The narrow bedroom, where you can't even step beside the bed, would still bother me more. Well, the main thing is that the utility room has an outside door.
We don't want to revive the tedious old discussion after all
Exactly, what must be, must be. Doors inward, the top part will be figured out later, no worries, the building savings plan isn’t due yet, we’ll think about it when the time comes, the kitchen is more than adequate, the bedroom, well, we don’t want to be running around in there anyway, right Katja, Yvonne. As my friend once said to someone who complained about the lack of headroom below deck on his ship: We don’t want to dance there but sit and have a drink.
It seems to me that everything is getting mixed up here. My impression of DG and stair position is that the drawings of EG and DG are most likely simply oriented in opposite directions.
By the way, a knee wall is the opposite of a dwarf wall: the knee wall props up the foot purlin, while the dwarf wall recedes inward (and creates a storage space behind it).
The two terms get confused because the term dwarf wall is used for the knee wall in regions where it is traditionally hardly known. Just Babylonian babbling.
It seems to me that a lot is getting mixed up here. My impression of the DG and stairway position is that the drawings of the EG and DG are most likely oriented in opposite directions with regard to north.
I am well aware that north is opposite in both drawings. Only the section must start further north, and therefore the entrance to the bathroom and bedroom must look different.
The wooden beams on the upper floor are the same height as the window openings? According to the photo, it looks that way. How and at what height will the ceiling later meet the windows? Not that someone now simply inserts windows and later the sash gets in the way of the ceiling.
It does not. Especially not with a knee wall height of 0 and the incorrectly planned staircase. One might think they are dealing with the Schildbürger, but it is more likely the East Frisians who are messing up this nonsense here.
It is also new to me that the allocation of a building society contract can lead to miraculous space multiplication.

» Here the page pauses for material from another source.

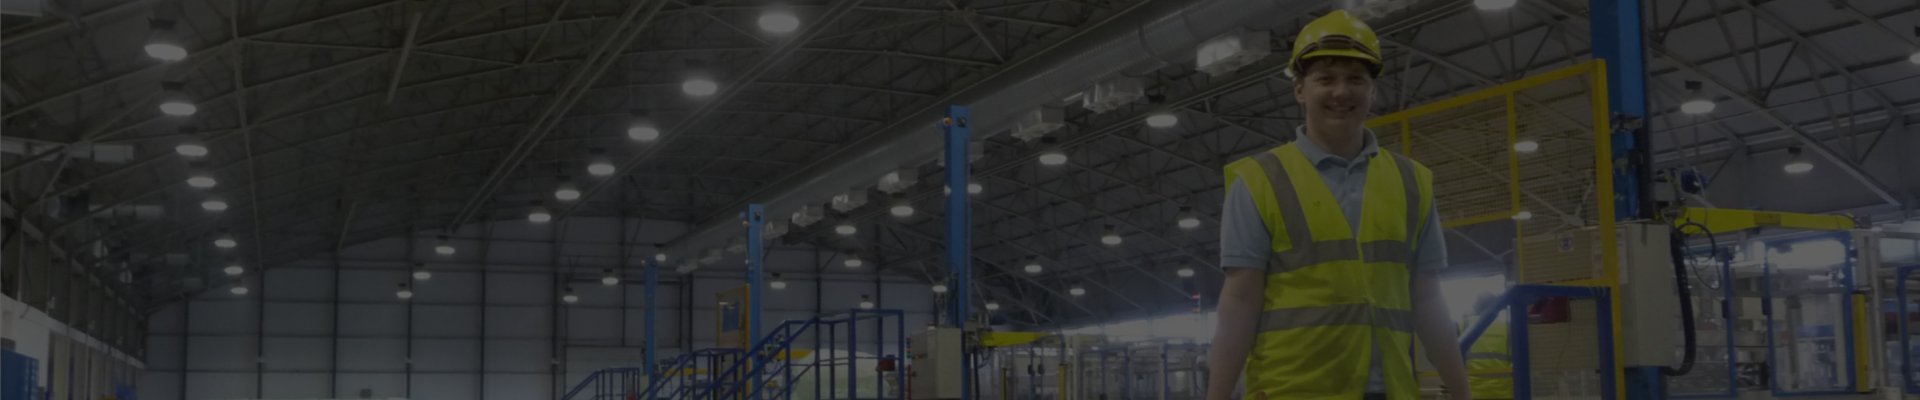 Industrial Lighting for Factories
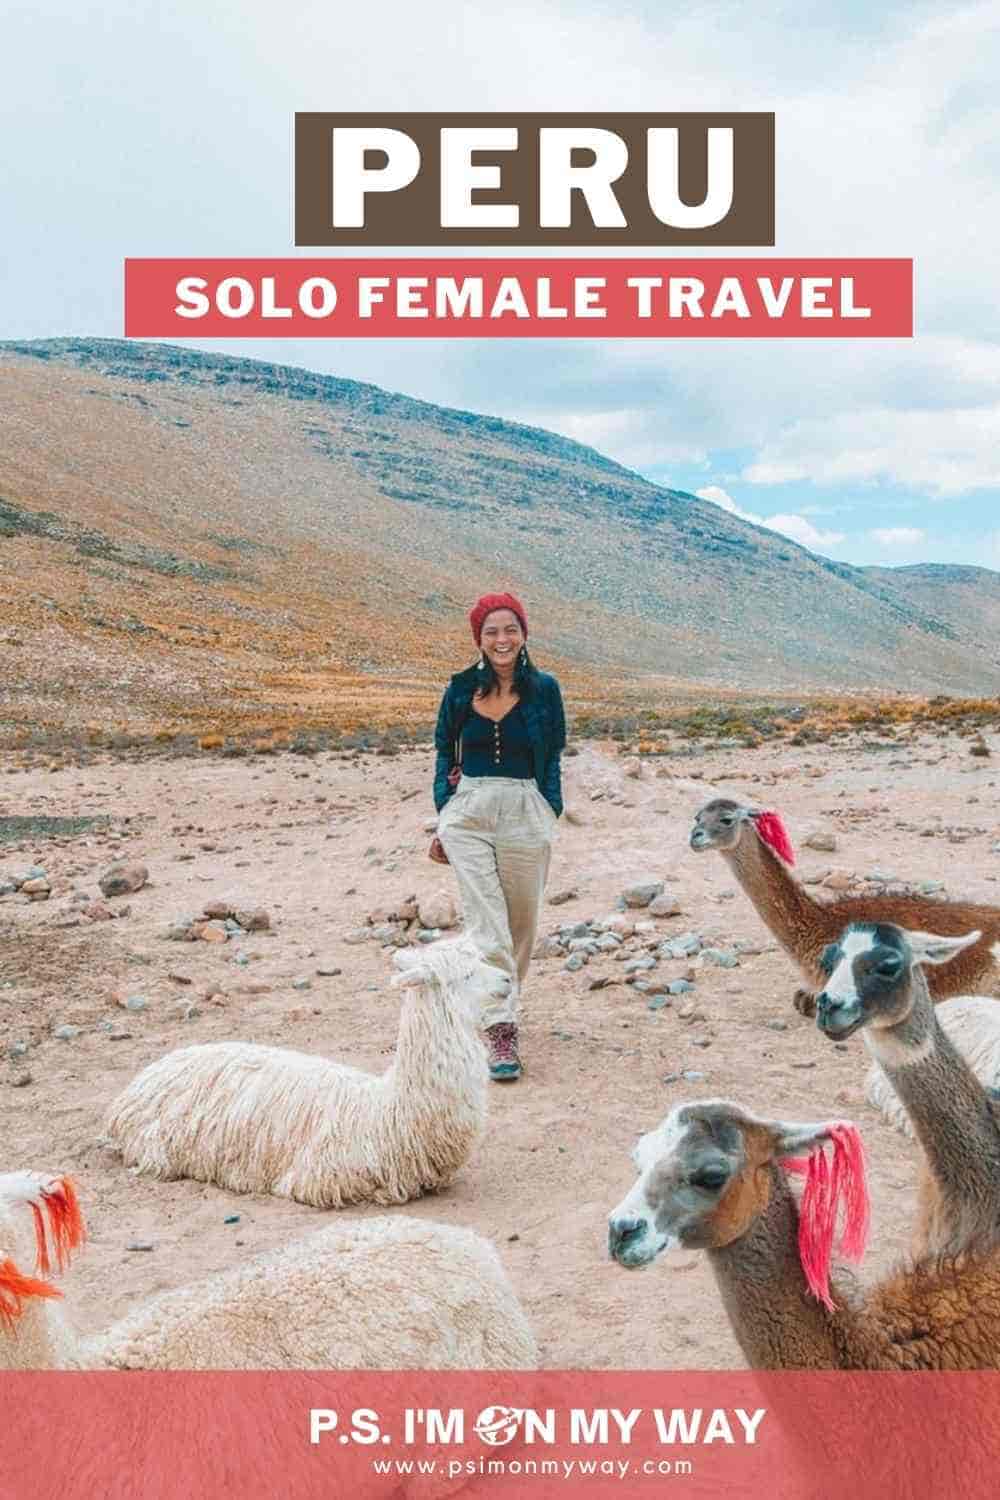 Solo female travel in Peru

But you never stop learning!
I'm completely out here. If you don’t have excessive financial means and have to budget, then that’s okay. But if you build such crap with it (I hadn’t even noticed the stub wall!), where nothing is thought through at all, then it almost physically hurts me.
But (my mantra in such cases): Man’s will is his kingdom of heaven!
And Karsten, before you start singing the high praises of the utility room entrance door and perfect planning here again: Your house would absolutely not be mine, but it doesn’t have such gross and fundamental planning errors like this one. It fits with you, your situation, your/your family’s living habits. That’s okay. This is completely different here.